Tuesday, June 29, 2021

Quotes from Richard Hays' Reading with the Grain of Scripture

 

I have enjoyed reading some of Richard Hays' earlier works (I've read parts of The Moral Vision of the New Testament and he has a very good 1 Corinthians commentary in the Interpretation series), so I decided to plunge into a collection of his essays written at different moments in his career in Reading with the Grain of Scripture. Hays is a United Methodist who recently retired from teaching. He became an influential interpreter of Paul and a significant New Testament scholar. He taught at both Yale and Duke. Probably the main ideas that stood out to me are how Christians should read the OT analogically as pointing to Jesus and the Spirit, his approach to hermeneutics, and some of his takes on Paul. I'm posting below quotes from the book that stood out to me. This is definitely a Bible nerd sort of book, so folks who've been through seminary might find these quotes more palatable.

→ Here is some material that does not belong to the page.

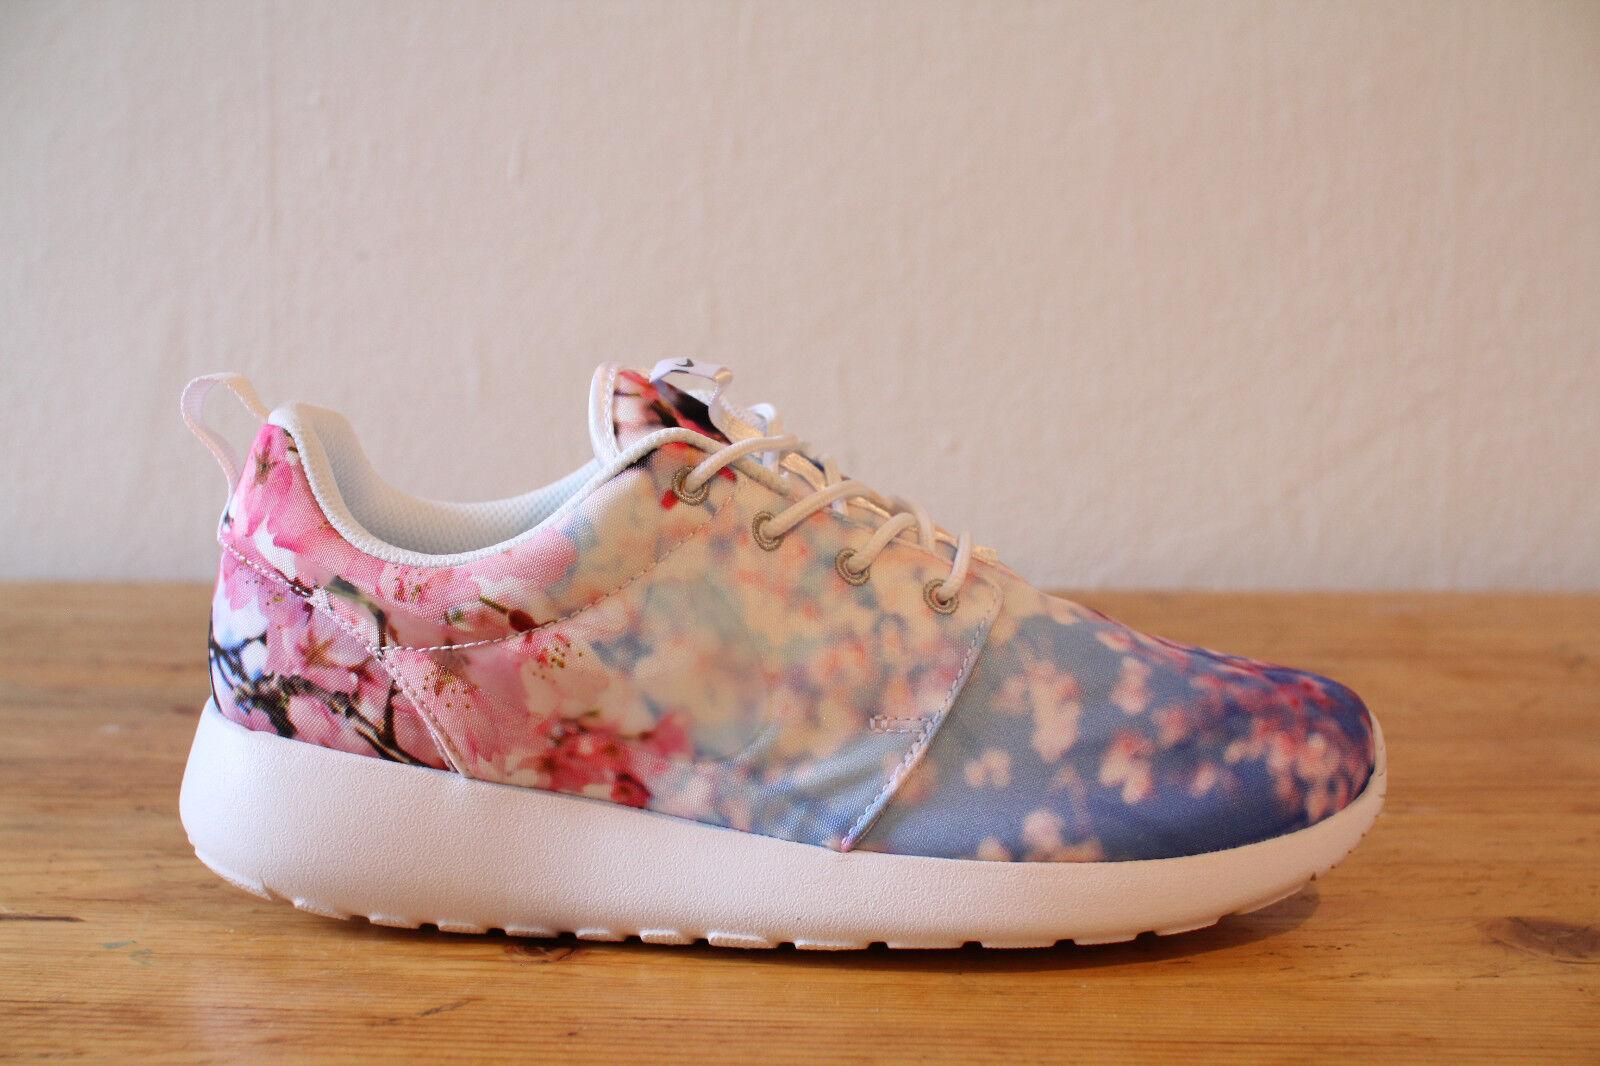 Nike Roshe One Print Cherry Blossom Pack Size 38,39,40 NEW & OVP Run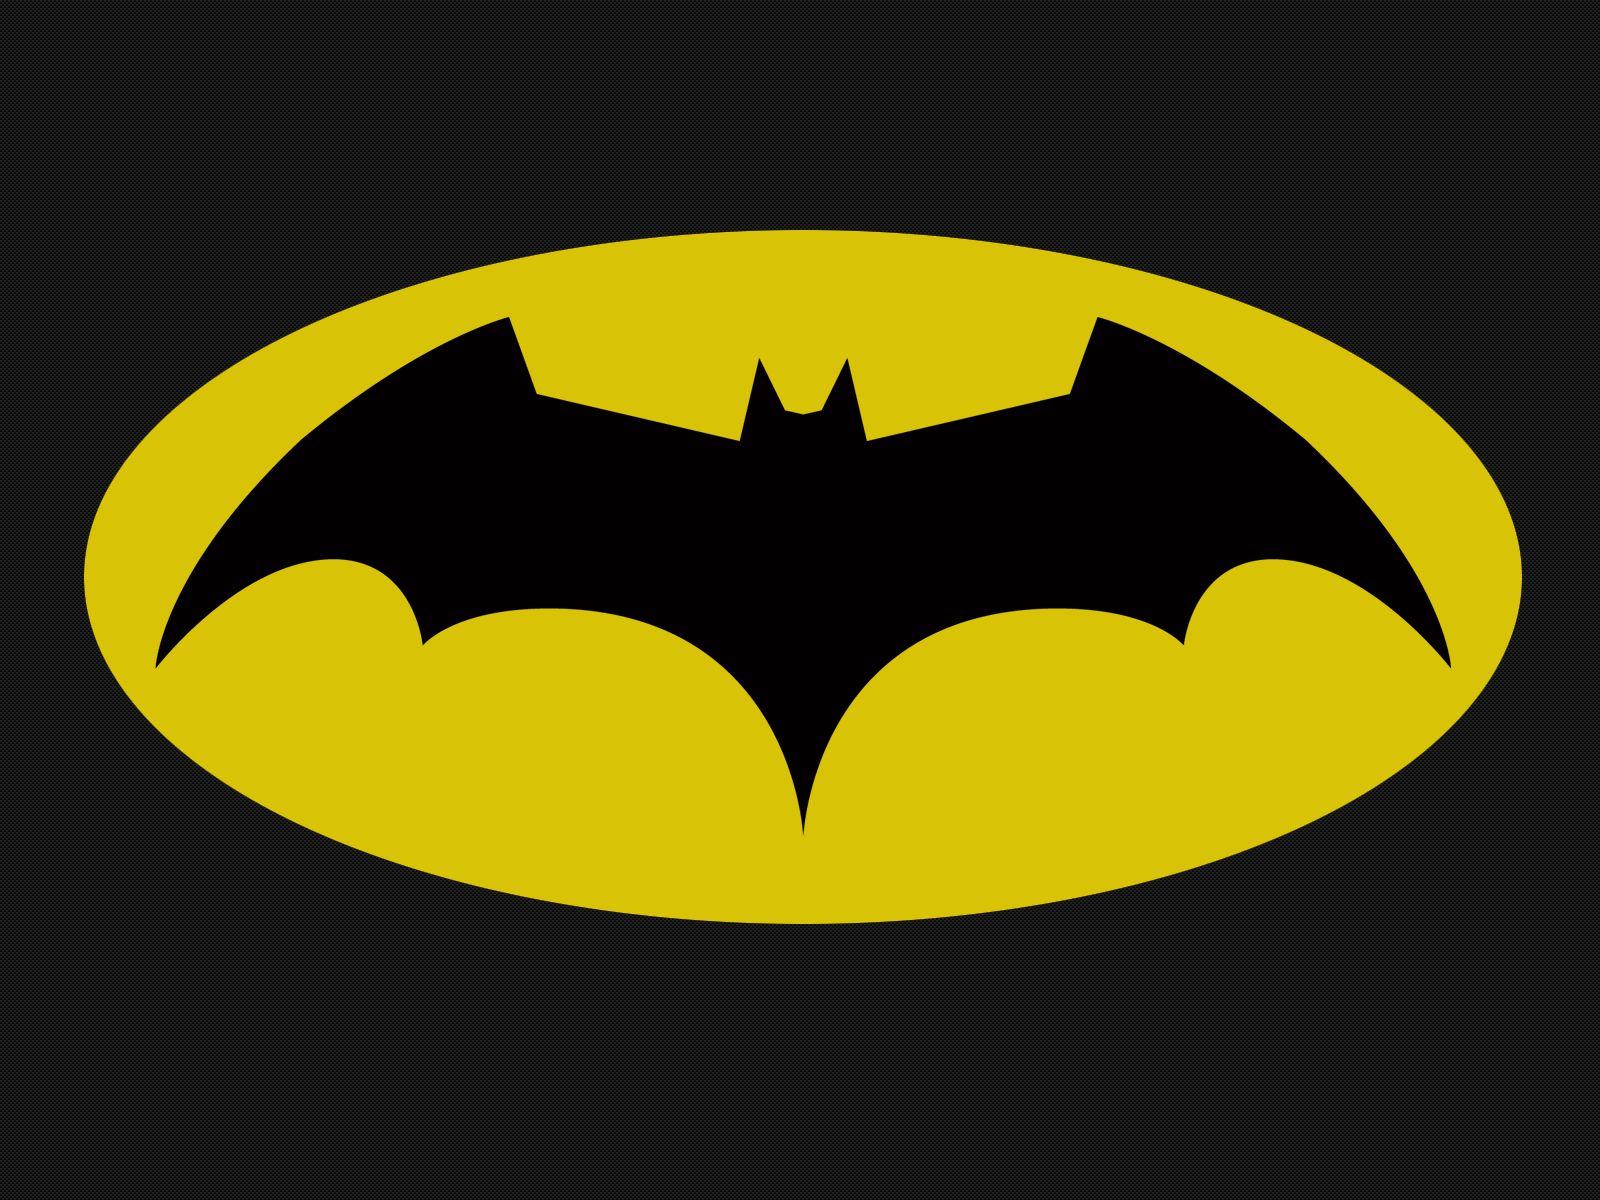 picture of batman logo Google Search supernatural 6

On trying to separate biblical study from the church and take it entirely into the academy:

Here is the point I’m leading to. […] …the intense academic study of the Bible really is not important outside of faith communities. […] As Robert Jenson has incisively remarked, “outside the church, no such entity as the Christian Bible has any reason to exist.” The Bible is a collection of documents gathered by and for the church to aid in preserving and proclaiming the church’s message. Therefore, “the question, after all, is not whether churchly reading of Scripture is justified; the question is, what could possibly justify any other?” (p. 34; quoting Robert Jenson’s “Scripture’s Authority in the Church”).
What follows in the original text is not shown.